I am bang alongside people condemning bad behaviour, obviously. I start to feel uncomfortable when people demand other people should join them in condemning bad behaviour (especially since bad behaviour usually isn’t as clear cut as mass murder, and it’s not unknown for crowds to be wrong). And I get very worried indeed when not denouncing an offence is treated as tacit support for that offence–so that if you don’t join in the denunciation of someone who said or did a thing, that suggests you agree with the thing they said or did. So-and-so hasn’t said anything? Well, that looks bad… (It is, incidentally, noticeable that the demand to speak out never seems to be satisfied. Not enough people have denounced the offence, or they haven’t done it strongly enough, or they spoke out earlier but they ought to do it again right now because, you know, my outrage.)
There are plenty of reasons individuals might not ‘speak out’ against something that aren’t, “Hey, an atrocity, cool!” Sometimes people haven’t heard about whatever it is. Sometimes they think that an Internet status update is not a worthy response to, say, genocide. Sometimes they have a nuanced opinion that will take a while to process, or they haven’t worked out what their opinion actually is yet, or they don’t feel they know the whole story. Sometimes they feel that their opinion doesn’t need to be publicly stated, whether because they aren’t actually responsible or involved, or because it’s just not that interesting. Sometimes they don’t have an opinion at all.

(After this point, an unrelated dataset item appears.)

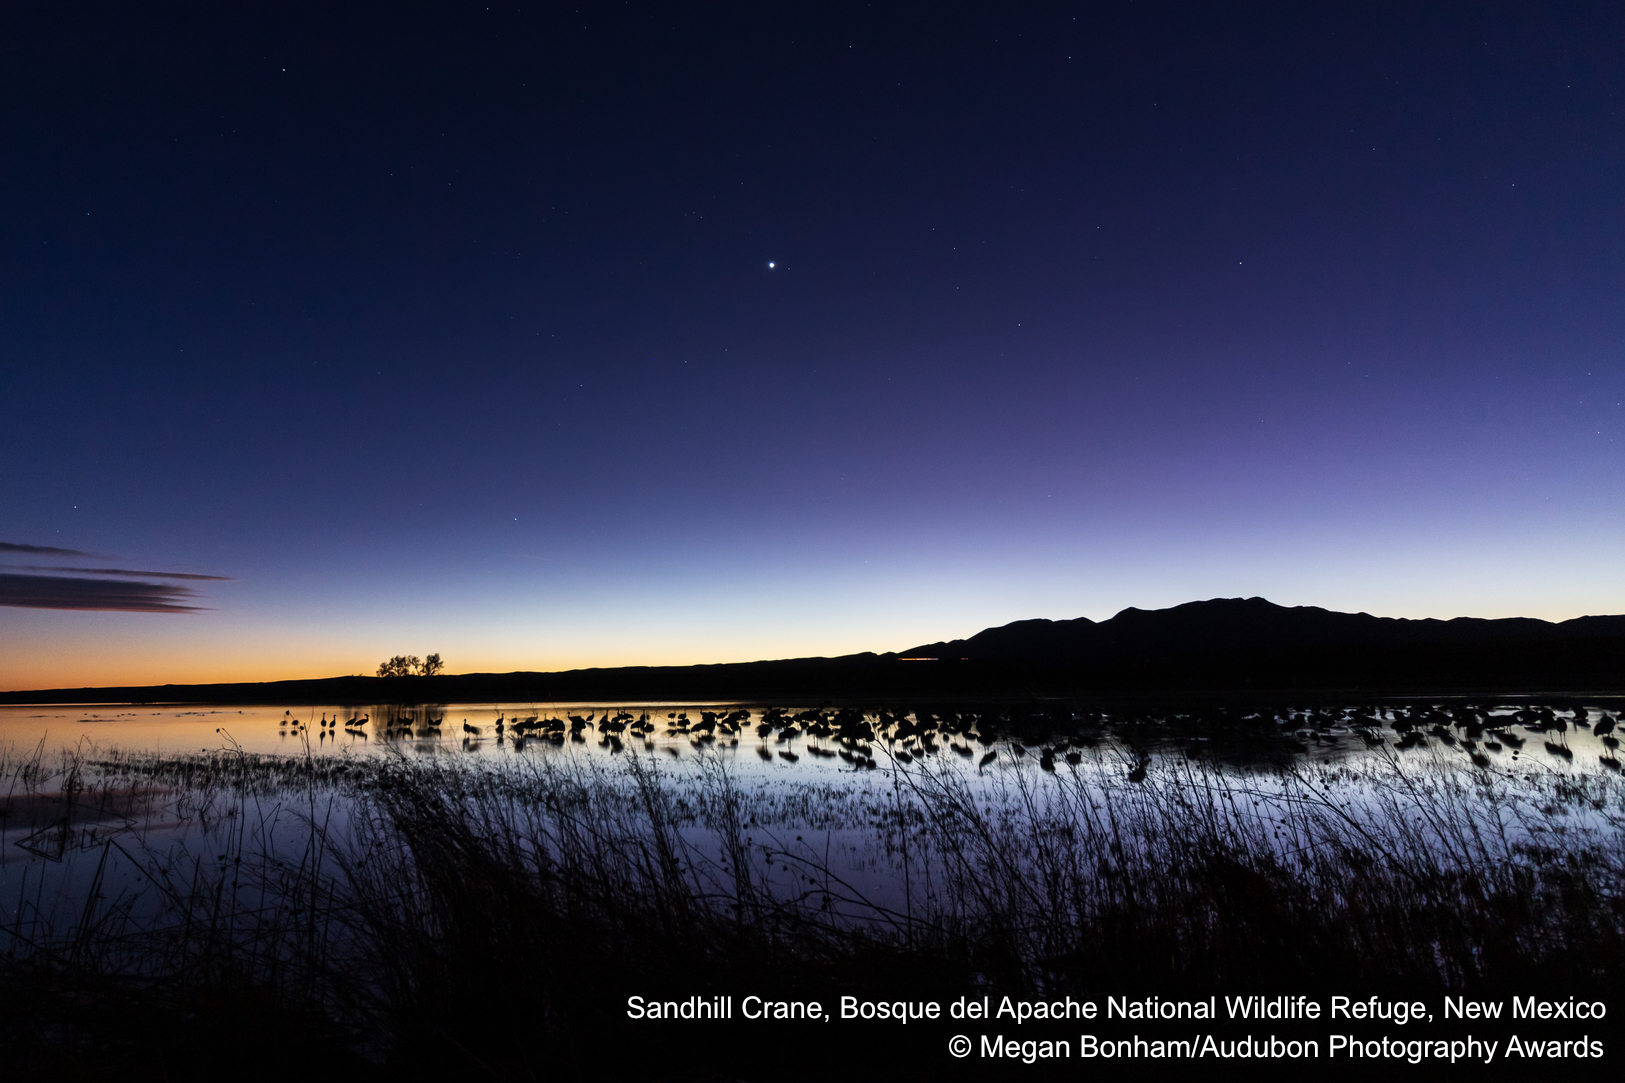 Sandhill Crane at Bosque del Apache National Wildlife Refuge, New Mexico. Photo credit: Megan Bonham/Audubon Photography Awards.
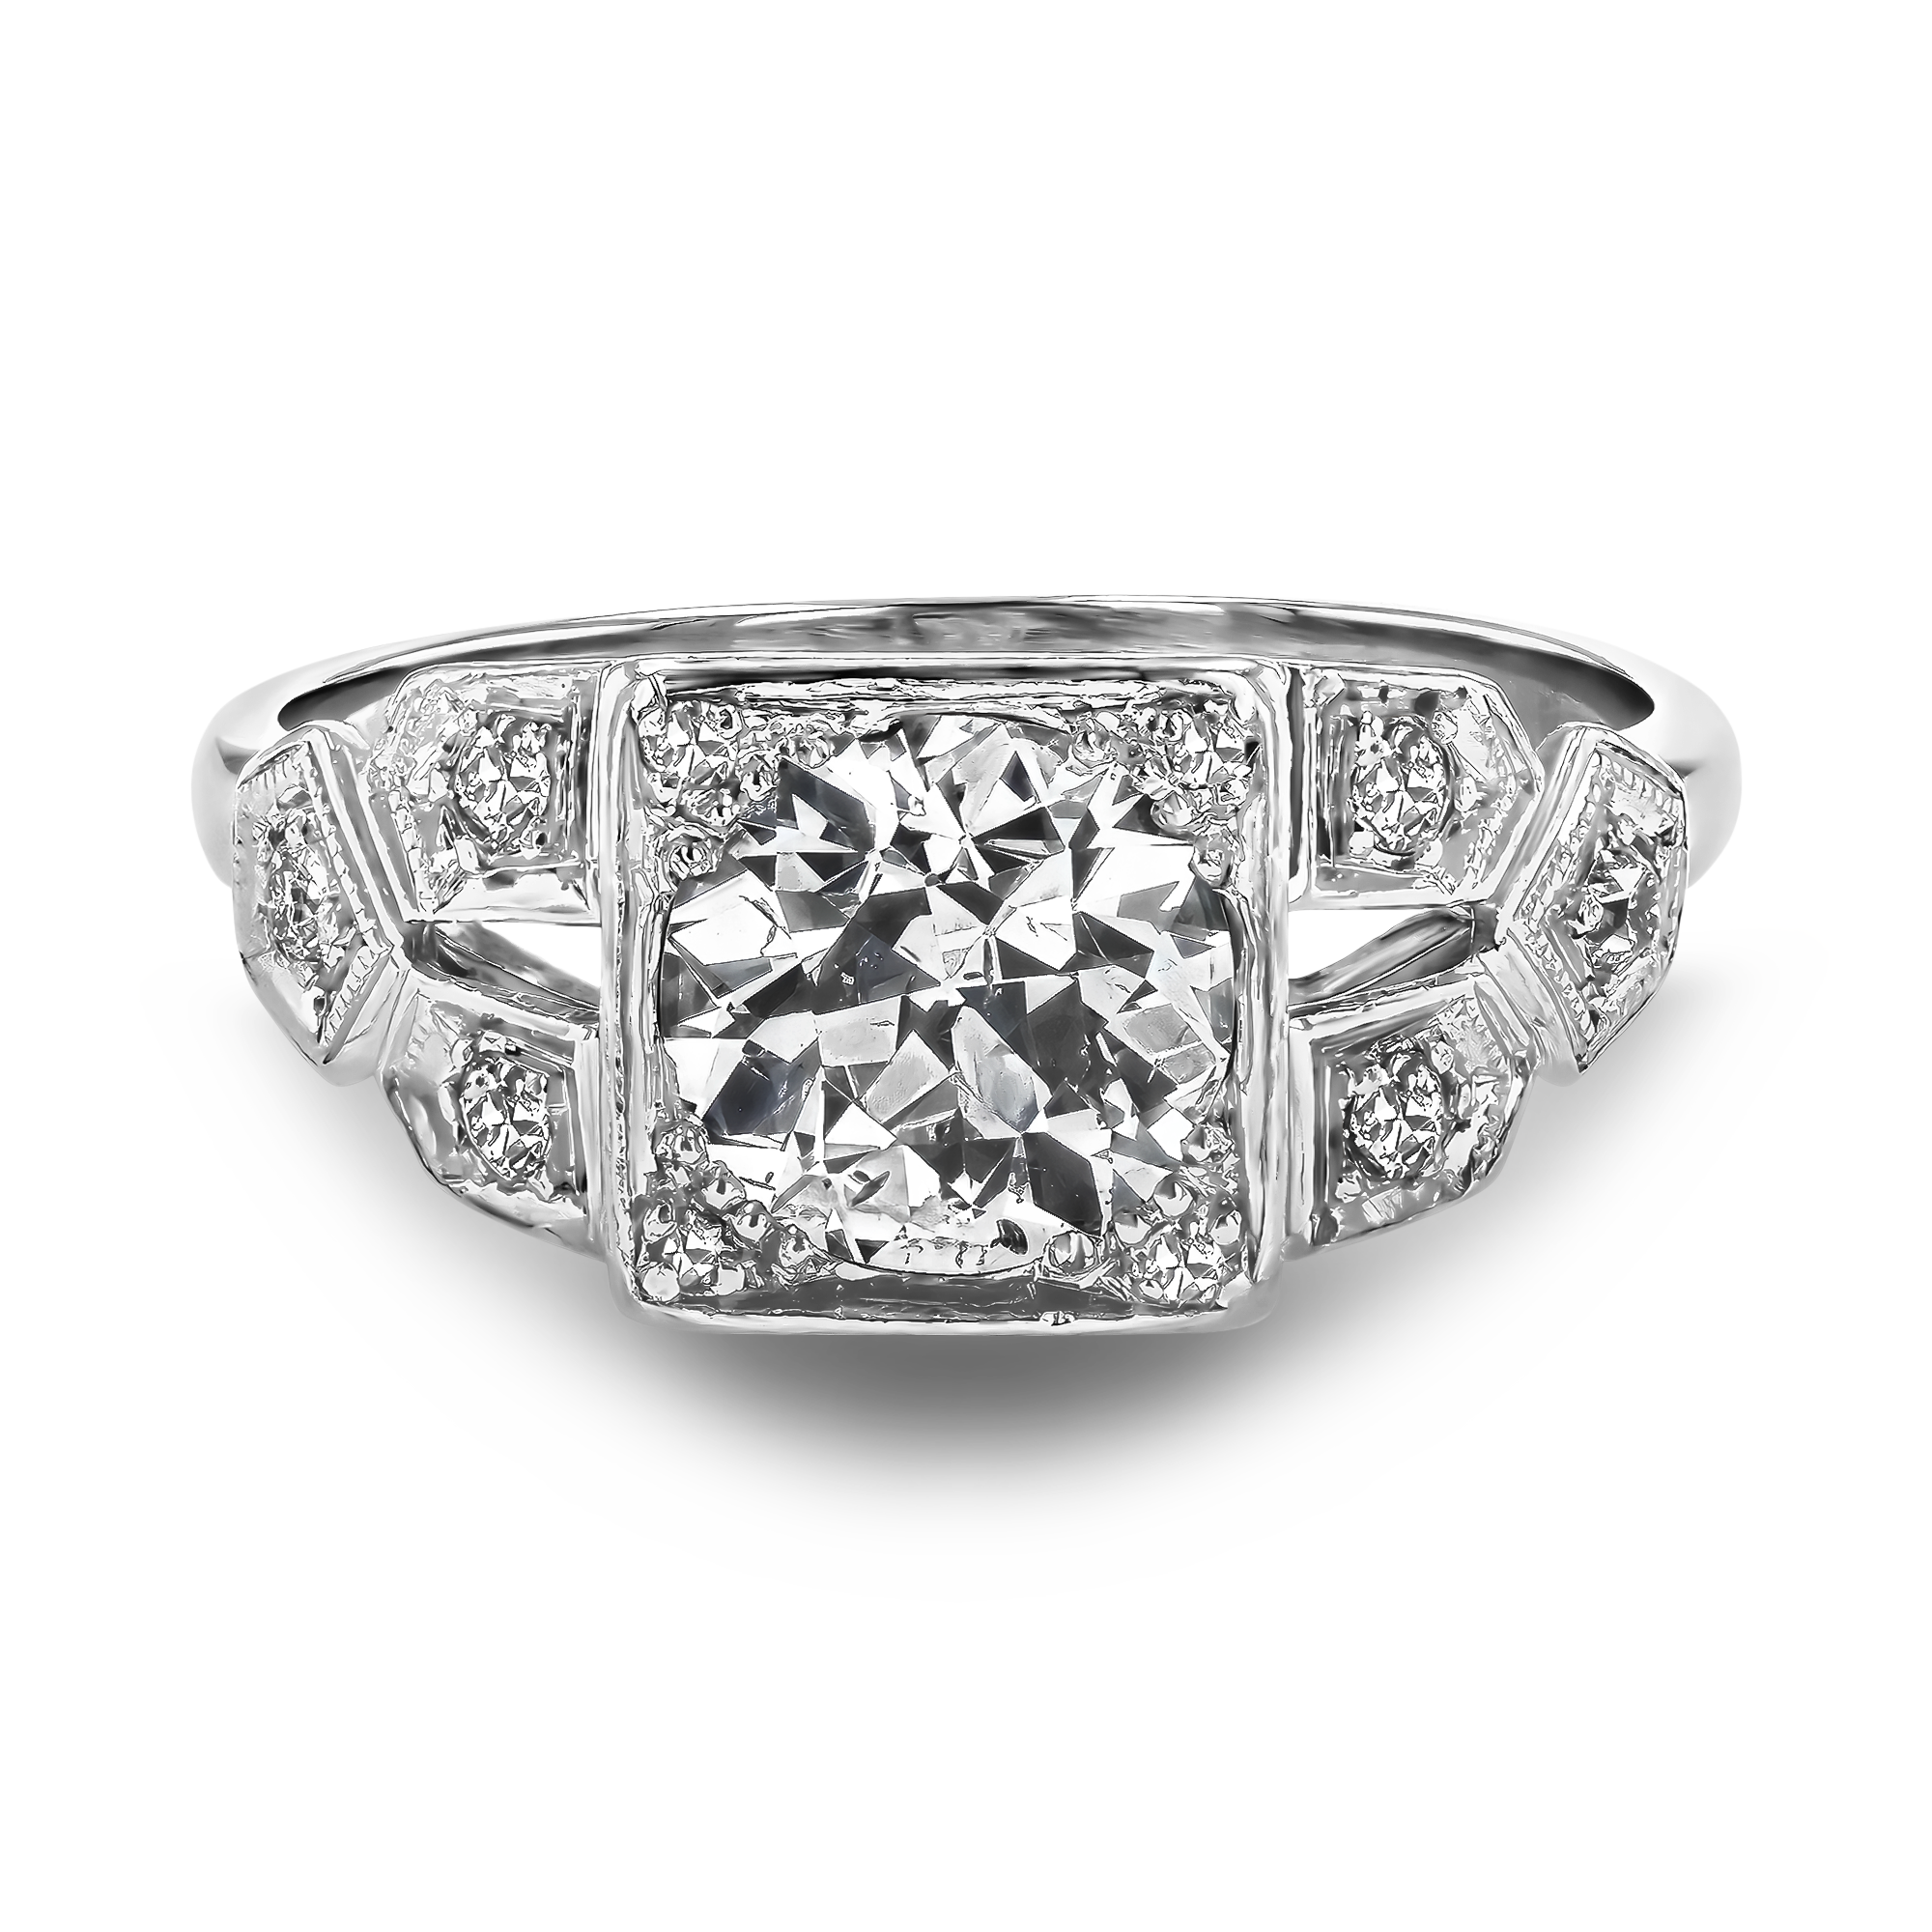 Art Deco Inspired 1.25ct Diamond Cluster Ring Brilliant Cut, Millegrain Set_2

Sometimes people might be afraid to speak for personal or professional reasons, and that fear might be real and valid. Sometimes they might have been advised that “anything you say will just make it worse”, and all too often that’s true.
Some people don’t want to be drawn into the argument in the first place. That’s a valid choice that deserves respect. We aren’t obliged to engage with every topic, even when we feel strongly about the subject, and we’re probably happier when we don’t.
Sometimes people actively choose to shut up. That might be because they’d rather treat an outrage with silent contempt or deny it publicity. The most irritating and effective thing you can do to a run-of-the-mill troll is ignore them. But also, sometimes people in privileged groups need to shut up and let others talk, amplify their voices rather than adding our own, clear a space for marginalised people. If our own speech is valuable, everyone else should get a go too.
Sometimes people would rather listen than talk. That’s actually quite important in a conversation. My grandmother used to say, “This is why you have two ears and one mouth,” and, like all grandmothers, she was right.
Be silent or let thy words be worth more than silence. (Pythagoras)
Nobody should be silenced. Actively recruiting popular support can be a huge force for good, as long as we don’t preemptively damn those who don’t sign up. But if we value speech, we should also respect the choice to be quiet, whether people are listening, thinking, or choosing not to engage for any of a million reasons. Silence is not consent. And insisting that people speak or be damned is a way of controlling their voices–which seems to me the opposite of what free speech is about.
After all, it’s not like the Internet is going to run out of opinions any time soon.